• The problem
The response should consist only of the lines from the one with "Banner for EPAnEK" to the end of the data below, copied exactly and without pictures.

• Source data
-*-

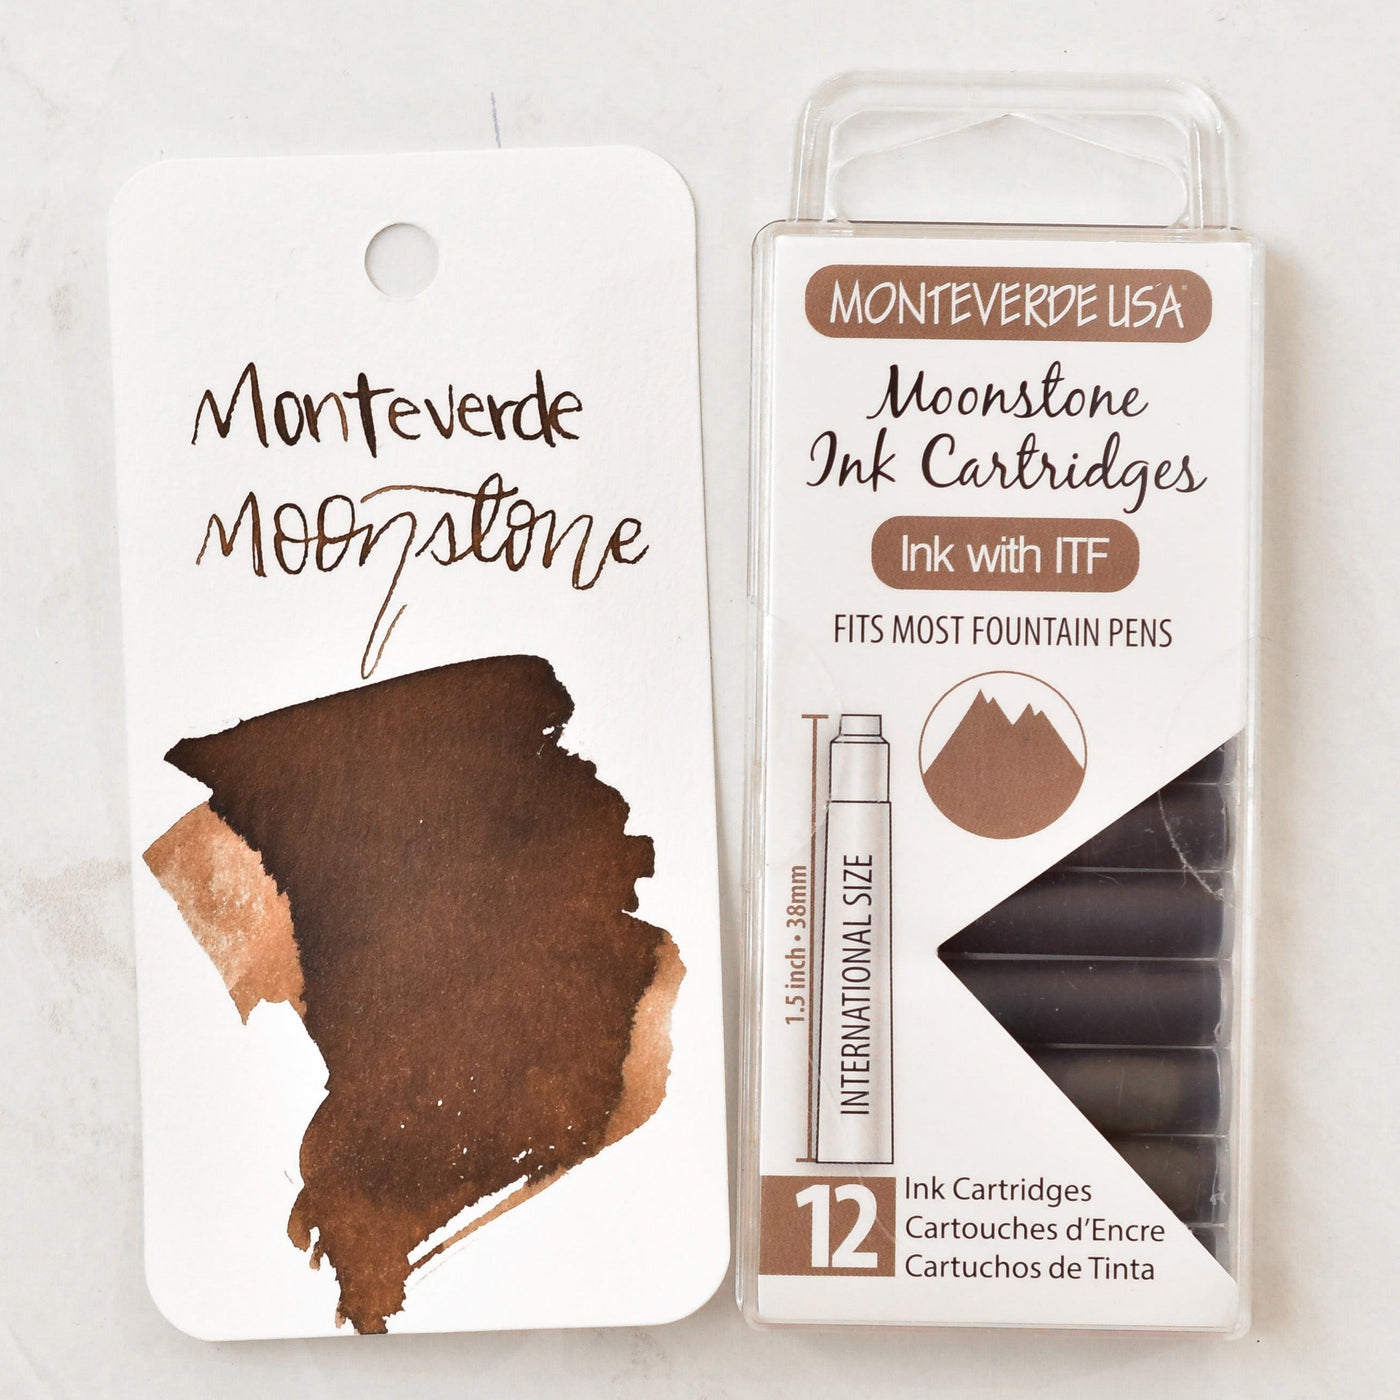 Monteverde Moonstone Ink Cartridges
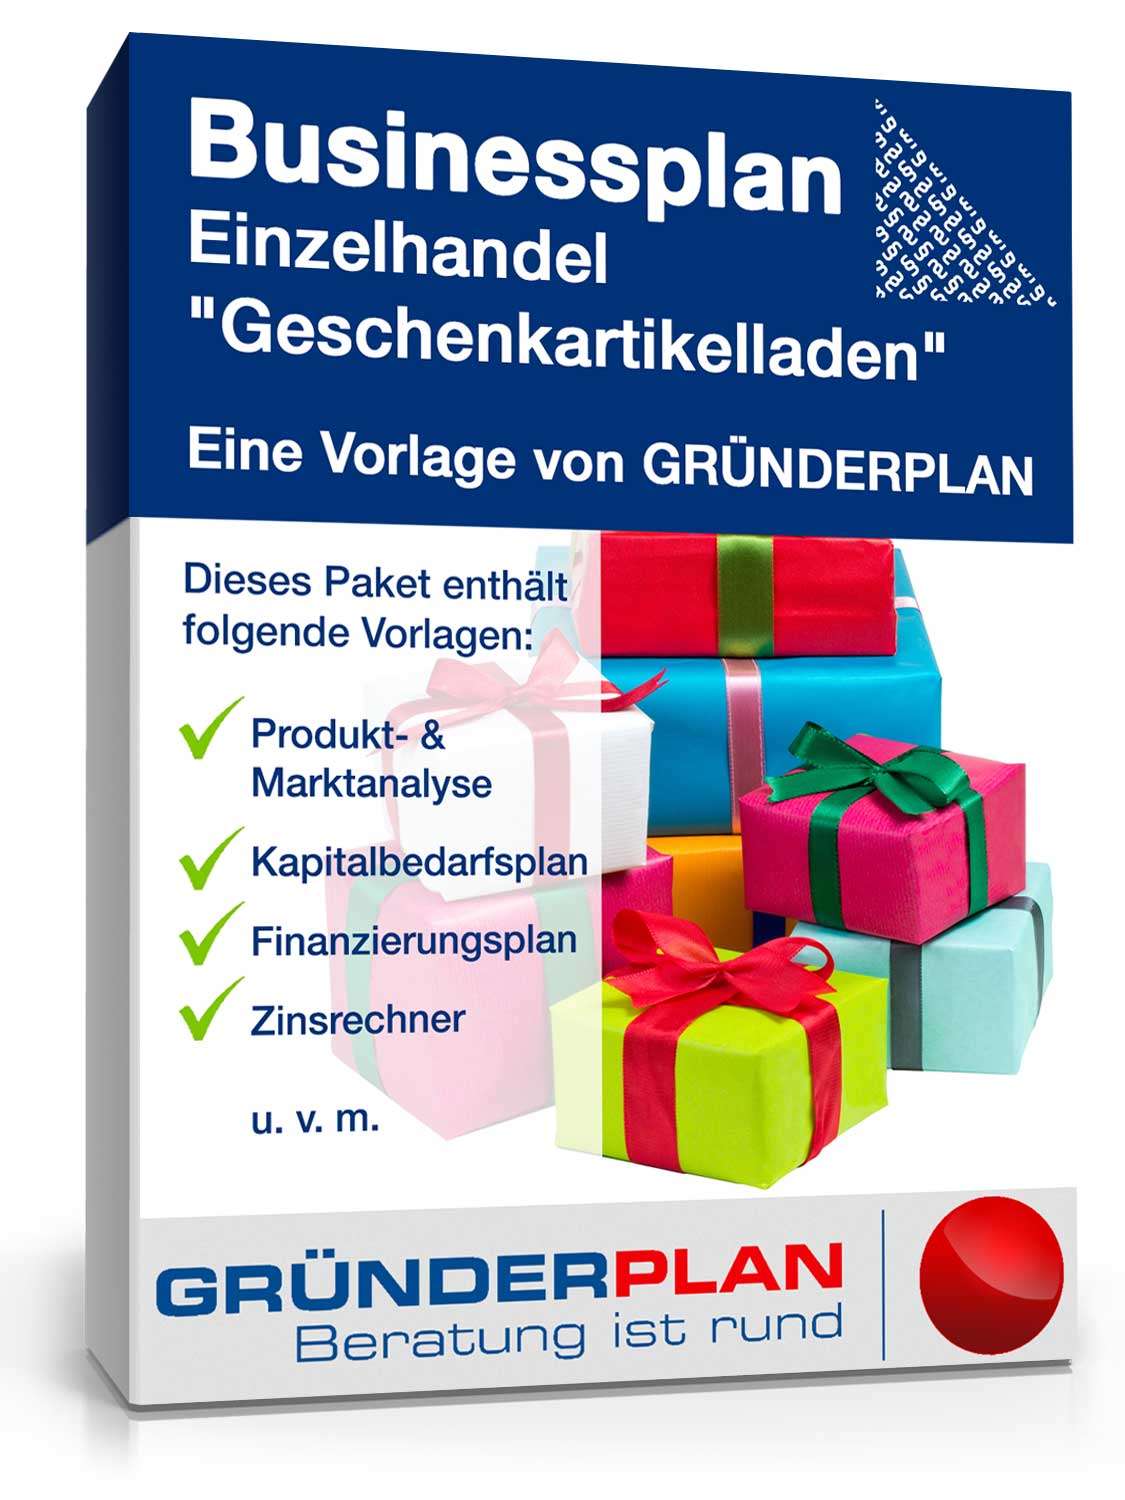 Hauptbild des Produkts: Businessplan Geschenkartikelladen von Gründerplan
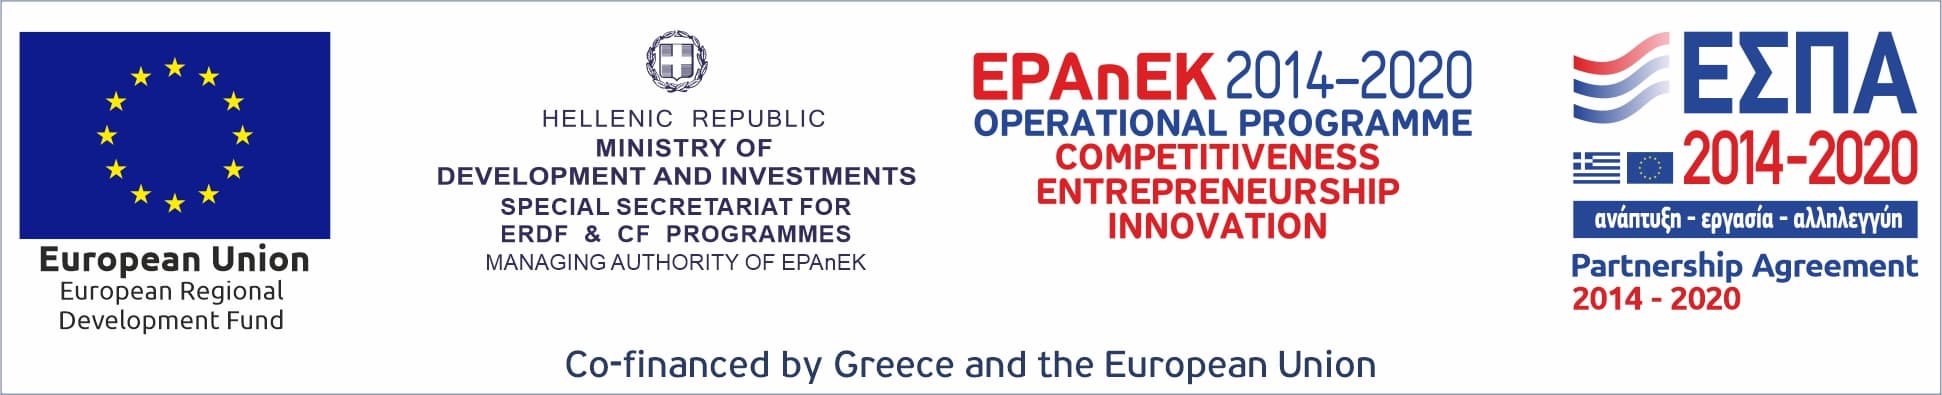 Banner for EPAnEK 2014-2020 operational programme
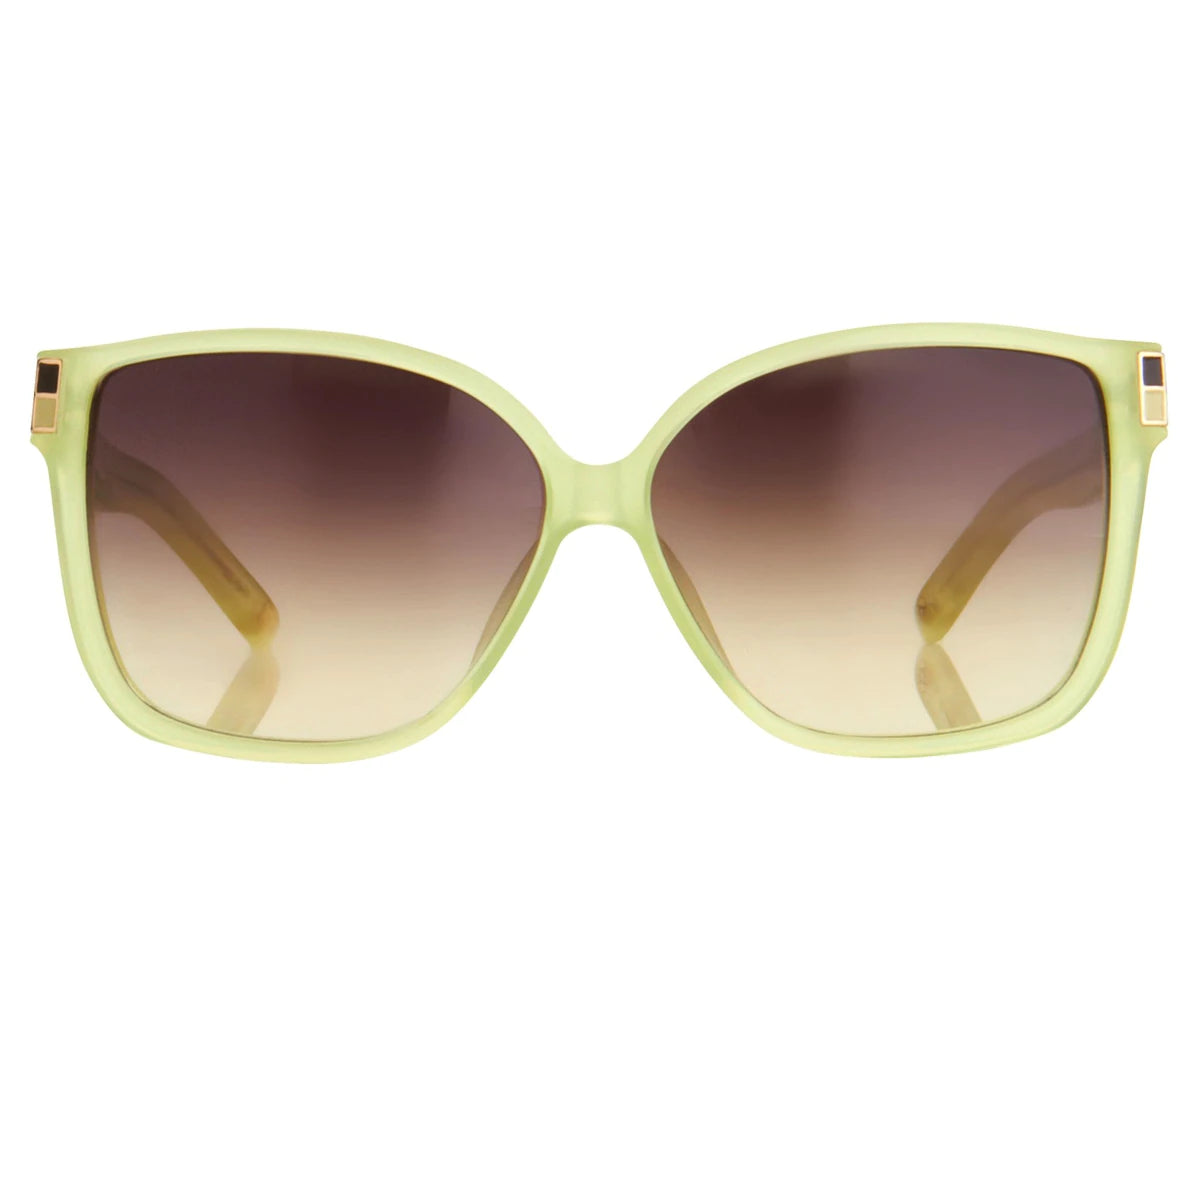 Oscar De La Renta Sunglasses Oversized Green and Brown ODLR21C7SUN

-*-

• Answer to this exercise
 Banner for EPAnEK 2014-2020 operational programme
 Oscar De La Renta Sunglasses Oversized Green and Brown ODLR21C7SUN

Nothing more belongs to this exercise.